The Ketama algorithm is a consistent hashing scheme which enables stable scaling of Receivers without the drawbacks of the hashmod
algorithm. This is the recommended algorithm for all new installations.
If you are using the hashmod
algorithm and wish to migrate to ketama
, the simplest and safest way would be to set up a new pool receivers with ketama
hashrings and start remote-writing to them. Provided you are on the latest Thanos version, old receivers will flush their TSDBs after the configured retention period and will upload blocks to object storage. Once you have verified that is done, decommission the old receivers.

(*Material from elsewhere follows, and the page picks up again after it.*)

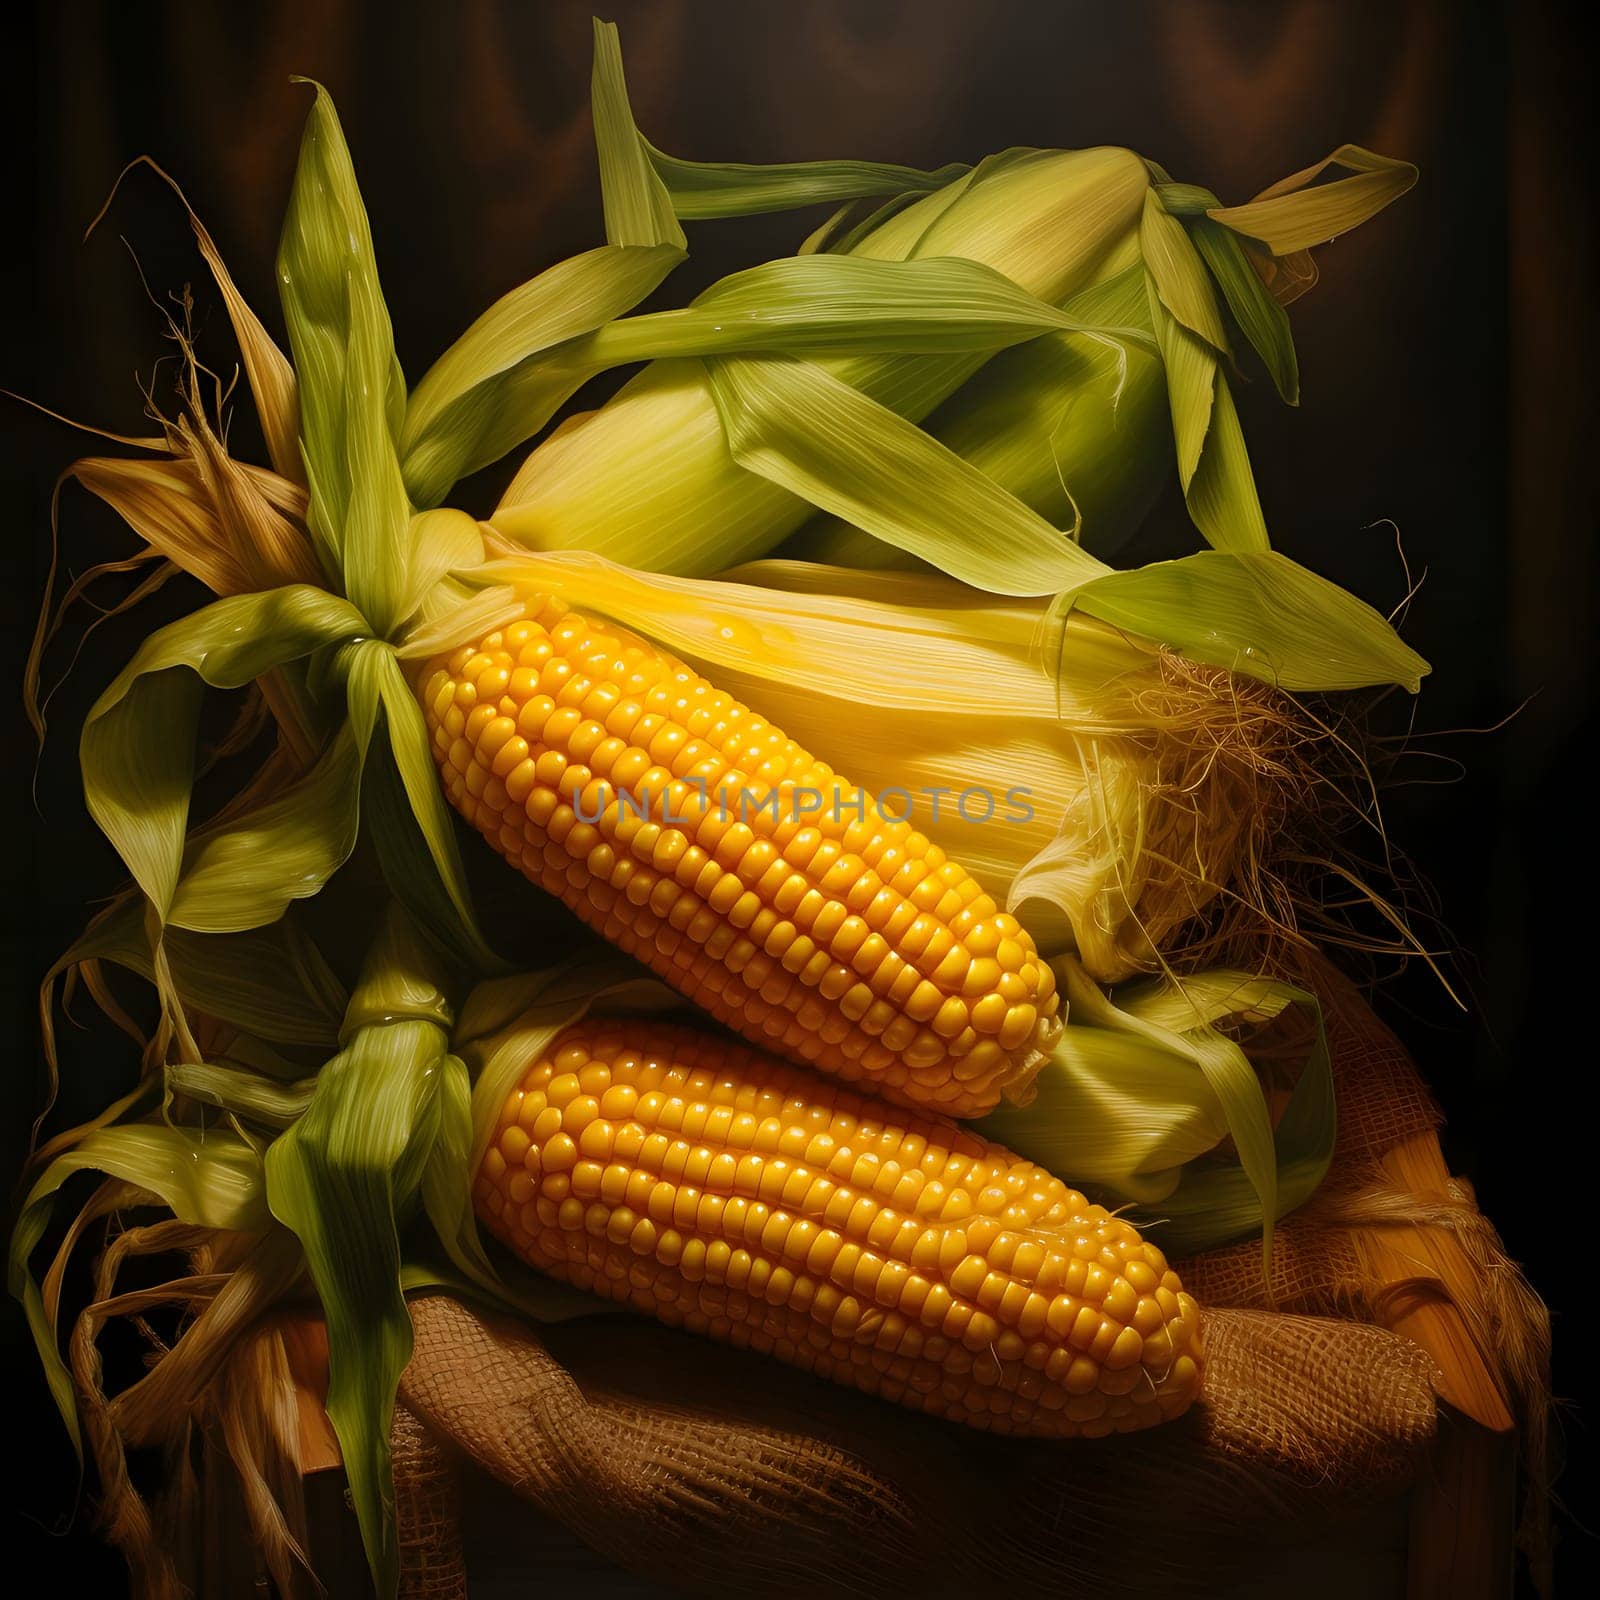 Yellow corn cobs, elegantly arranged. Corn as a dish of thanksgiving for the harvest. An atmosphere of joy and celebration.

This algorithm uses a hashmod
function over all labels to decide which receiver is responsible for a given timeseries. This is the default algorithm due to historical reasons. However, its usage for new Receive installations is discouraged since adding new Receiver nodes leads to series churn and memory usage spikes.
The Thanos Receive Controller project aims to automate hashring management when running Thanos in Kubernetes. In combination with the Ketama hashring algorithm, this controller can also be used to keep hashrings up to date when Receivers are scaled automatically using an HPA or Keda.
Thanos Receive supports getting TSDB stats using the /api/v1/status/tsdb
endpoint. Use the THANOS-TENANT
HTTP header to get stats for individual Tenants. Use the limit
query parameter to tweak the number of stats to return (the default is 10). The output format of the endpoint is compatible with Prometheus API.
Note that each Thanos Receive will only expose local stats and replicated series will not be included in the response.
Tenants in Receivers are created dynamically and do not need to be provisioned upfront. When a new value is detected in the tenant HTTP header, Receivers will provision and start managing an independent TSDB for that tenant. TSDB blocks that are sent to S3 will contain a unique tenant_id
label which can be used to compact blocks independently for each tenant.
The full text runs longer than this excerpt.